Y unía las manos y cerraba los ojos como si sintiera el vértigo con los recuerdos.

Otras veces preguntaba:

—¿Quién fue el que decretó el culto del Ser Supremo? ¿Napoleón? No. Fue el señor de Robespierre. ¿Verdad? Sí, fue el señor de Robespierre. Recuerdo que aquel día tuvimos que vender un traje mío y otro de mi madre para comer. Esto fue cuando la batalla de Waterloo. No… Después… No, no.

La condesa de Tilly no era capaz de detenerse en una cosa o en una idea.

—Perdonadme si digo alguna vez tonterías —decía—. ¡La vida me parece tan larga! Estoy deseando morir. ¿Usted cree que habrá alma, Miguel?

—Sí; supongo que sí.

—¿Pero alma inmortal?

—No sé, eso no sé; ni creo que lo sepa con certeza nadie.

—Sabe usted que yo he sido atea en otra época y que leí libros de Voltaire y de Holbach. ¡Qué horror, verdad!

—Sí, un completo horror.

—Ahora soy completamente creyente, como un niño. ¿Habrá cielo, Miguel? ¿Eh? ¡Si no, qué vamos a hacer en la tierra, en un sitio tan frío, tan húmedo!

—No sé qué podremos hacer. La tierra es cosa poco cómoda, indudablemente.

Margarita iba con frecuencia a Gastizar y trataba a su abuela como a una niña; le acostaba y le reñía.
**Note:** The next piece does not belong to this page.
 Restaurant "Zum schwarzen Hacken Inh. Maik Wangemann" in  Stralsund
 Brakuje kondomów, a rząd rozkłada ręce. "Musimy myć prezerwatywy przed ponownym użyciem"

Se fijó el día de la boda de Margarita para mayo. La ceremonia se verificó con gran rumbo. La condesa de Tilly se presentó ante el altar vestida de color de rosa y llena de joyas, y estaba tan bien con sus cabellos blancos y sus ojos azules, que produjo el entusiasmo de todos.

Al salir de la iglesia había dos coches en la carretera; en uno entraron Sampau y Margarita, en el otro, la condesa de Tilly con su criada vieja de cofia blanca.

Larresore y Miguel besaron la mano de la condesa.

—¡Qué lástima que sea tan vieja, Miguel! —exclamó ella, con los ojos azules llenos de lágrimas.

—Siempre será usted encantadora —contestó él, besándole la mano.

Y los dos coches tomaron el camino de Bayona, llevando uno la juventud y el amor, el otro la vejez y los desengaños.